3 Because of the fragrance of your good ointments,
Your name is ointment poured forth;
Therefore the virgins love you.
4 Draw me away! “

Song of Solomon 1:2-4

“Dear God, I think about you sometimes even when I am not praying.” 

Elliot, “Children’s Letters to God”

It may seem heretical, but it seems that spiritual growth is being reduced to ‘bullet points’ of a presentation. And that really does scare me.  We are looking to fall into a trap ‘head over heels’ right into a place that has promised so much, and yet delivers so little. We have been reduced to a mindset of which the ‘disciplines’ of the Christian life have become formulaic, and  robotical.  Somehow, we are missing the purpose as our discipleship begins to grow hard and slowly turns to stone.

But a kiss, on the other hand, is undefinable; it can’t be quantified and defies rules.

I fear the formula, and repudiate the rules.  I am disturbed that our discipleship can become self-moving, self-regulating, self-starting.

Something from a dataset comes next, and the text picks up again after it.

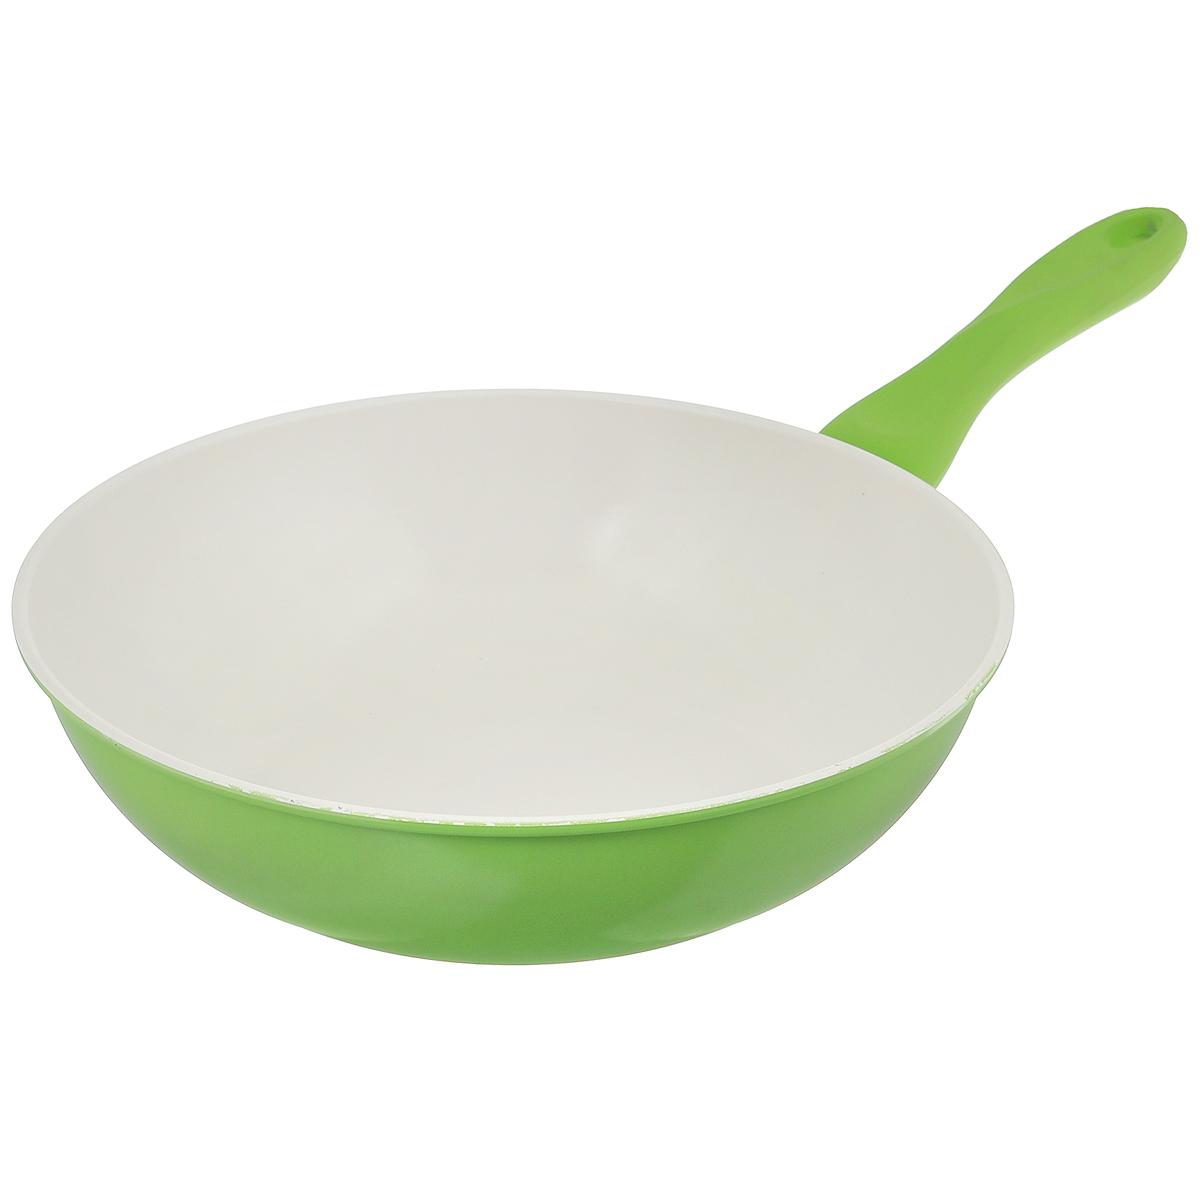 Сковорода-вок Mayer & Boch, с керамическим покрытием, цвет: зеленый. Диаметр 30 см68/5/4Сковорода Вок Mayer & Boch изготовлена из углеродистой стали с высококачественным керамическим покрытием. Керамика не содержит вредных примесей ПФОК, что способствует здоровому и экологичному приготовлению пищи. Кроме того, с таким покрытием пища не пригорает и не прилипает к стенкам, поэтому можно готовить с минимальным добавлением масла и жиров. Гладкая, идеально ровная поверхность сковороды легко чистится, ее можно мыть в воде руками или вытирать полотенцем.Эргономичная ручка специального дизайна выполнена из силикона.Сковорода подходит для использования на газовых и электрических плитах. Также изделие можно мыть в посудомоечной машине. Диаметр: 30 см. Высота стенки: 8 см. Толщина стенки: 1,2 мм. Толщина дна: 2 мм. Длина ручки: 19 см. Диаметр дна: 19 см.

When will realize that Jesus is looking for lovers?  Somehow we think we can extract romance, diminish intimacy and choose to walk mechanically through life.  We are losing our created and given purpose to be in close fellowship with Him.

There is a monstrous industry in all of this, a callous system. With the absence of an intimacy with Jesus, the following will actually become dangerous.

  • formulas, counselors, life-coaches
  • training programs,
  • media: books, podcasts, TV
  • conferences, prophetic worship
  • magazines, “special” books
  • inspirational speakers, favorite Bible teachers
  • and even websites, (like this one!)

We often turn to them to get what we think we need. The delusion is that we can become moral and true, without an intimacy with Jesus. I guarantee this, without a deep intimacy with Him, these “things” will invariably disappoint us. But truly, we seldom do intimacy well.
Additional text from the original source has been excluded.